#  >  > Thailand Festivals, Beaches, Scuba Diving and Temples, Tell us Your Tales >  >  > Thailands Festivals and Celebrations >  >  Vegetarian tourists full moon party

## dirtydog

*Vegetarian tourists launch their own full moon party*

By Supaphong Chaolan 
Phangnga: 
Nui and Koei beaches in Phangnga's Khura Buri district are the latest destinations for a full moon party - for foreign vegetarians.
Provincial governor Winai Buapradit said the two beaches in Tambon Khura, which are peaceful and off the beaten track, had become a hideaway for more than 100 backpackers at a time who stay in tents and cook their own meals. 

"They hold a simple gathering they call a rainbow family party, which they say has been held in peaceful natural settings worldwide over the past 30 years," Mr Winai said. "The party features dancing, singing, yoga and meditation." 

The beaches are located near Ban Ao Koei, where most residents are Islamic fishermen. 

Mr Winai said he was not worried that the parties would involve the ingestion of illicit substances, as at the full moon party on the resort island of Koh Phangan. 

However, to be safe, he had told officials and police to provide security and prevent any drug use or sexual offences. 

District chief Wirat Akkarawirojkul confirmed the tourists were vegetarians and had not disturbed local people. Thousands of tourists have visited so far. 

"We hope Nui and Koei beaches will become a new destination for tourists from around the world who are looking for natural beauty and peace," he said.

Bqangkok Post

----------


## in4zip

is it true that they also are against mechanical sex toys and that they prefer pesticide free eggplant, zucchini and other elongated fruits? 

(naturally grown durians and jackfruit are used only by the most expert vegans only ... so I've heard) 

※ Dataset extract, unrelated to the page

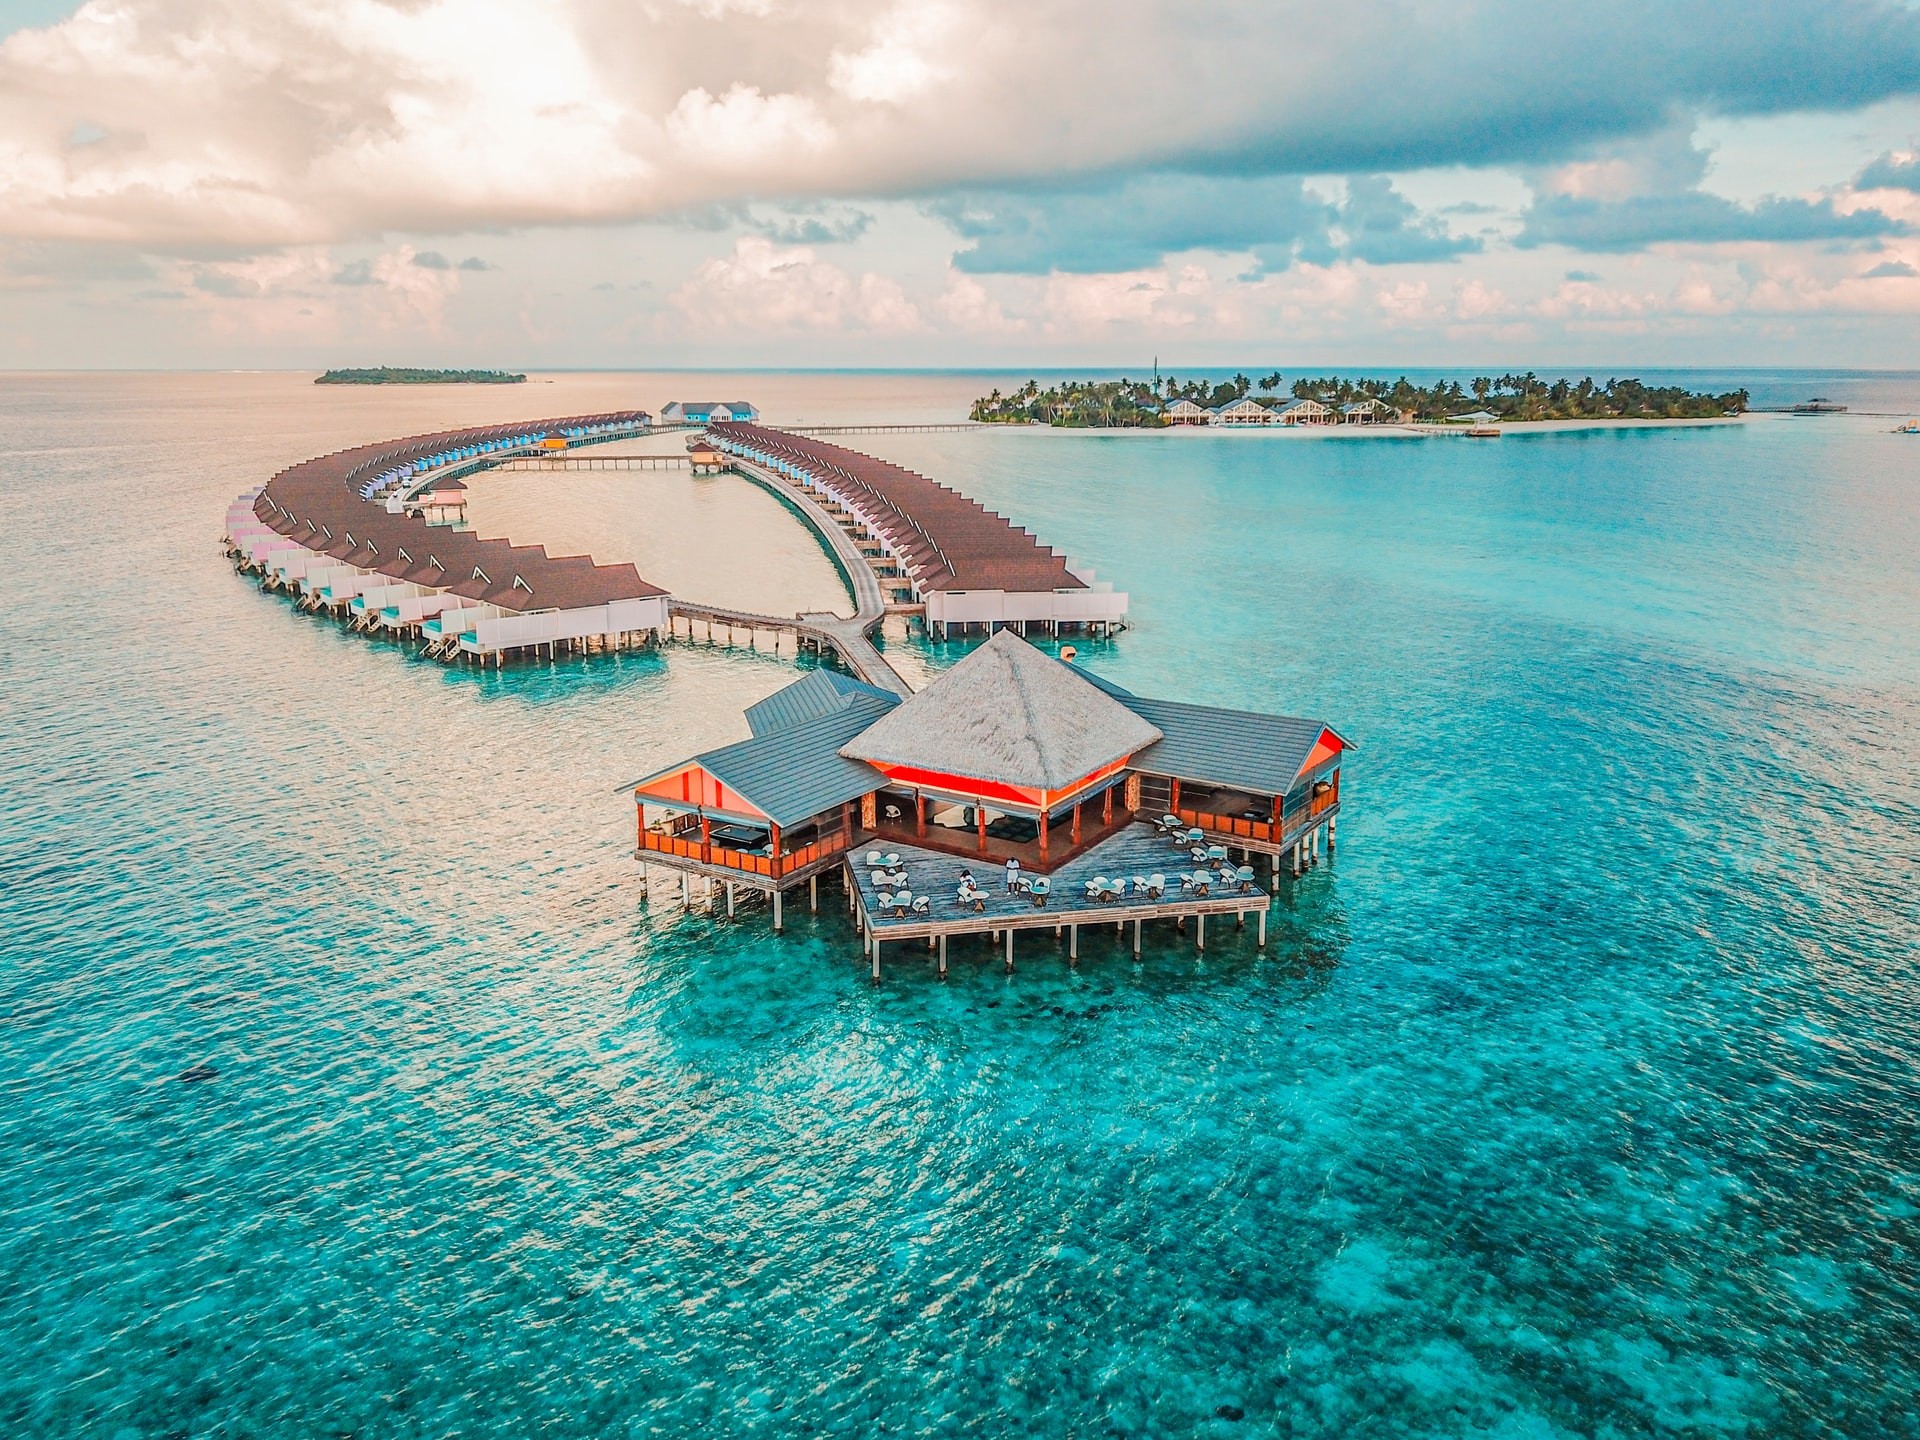 أهم جزر المالديف من حيث المساحة

 :mat: be reading you fools in six days time 
I'm off onna vacation

----------


## Gerbil

Bloody hippies.

Should still be stamping S.H.I.T. in their passports and booting them out the country.  :Smile:

----------


## Skulldigger

> We hope Nui and Koei beaches will become a new destination for tourists from around the world who are looking for natural beauty and peace," he said.




The natural beauty usually lasts about 5 years before somebody thinks it is time to build a new Phuket.

----------


## stroller

> Mr Winai said he was not worried that the parties would involve the ingestion of illicit substances, as at the full moon party on the resort island of Koh Phangan.


Aren't Exstacy and yabba vegetarian? Or ganja, and most 'illicit' substances?
One could smoke, inject or snort, instead of "ingest".

----------


## Skulldigger

*Sam Tum Jay* - Spicy traditional Thai salad with fresh thai stick, roasted yaba pills and a sprinkling of dried young hit key kwuy mushrooms... Served with sticky fingers. 

'*Thai-Dutch Fusion bucket*' - Our ever popular and delicious herbal beverage for tall, blunt square faced brutes and soft-spoken yoga loving  barefoot luna ravers alike. 

One bottle of vintage hollands is carefully poured into a container with mildly heated rice whiskey straight from our personal oil barrel distillery. Stir the brew with a stick of lemongrass and serve with freshly harvested coriander leaves floating on top. Pink floating fragrant tealights optional.

----------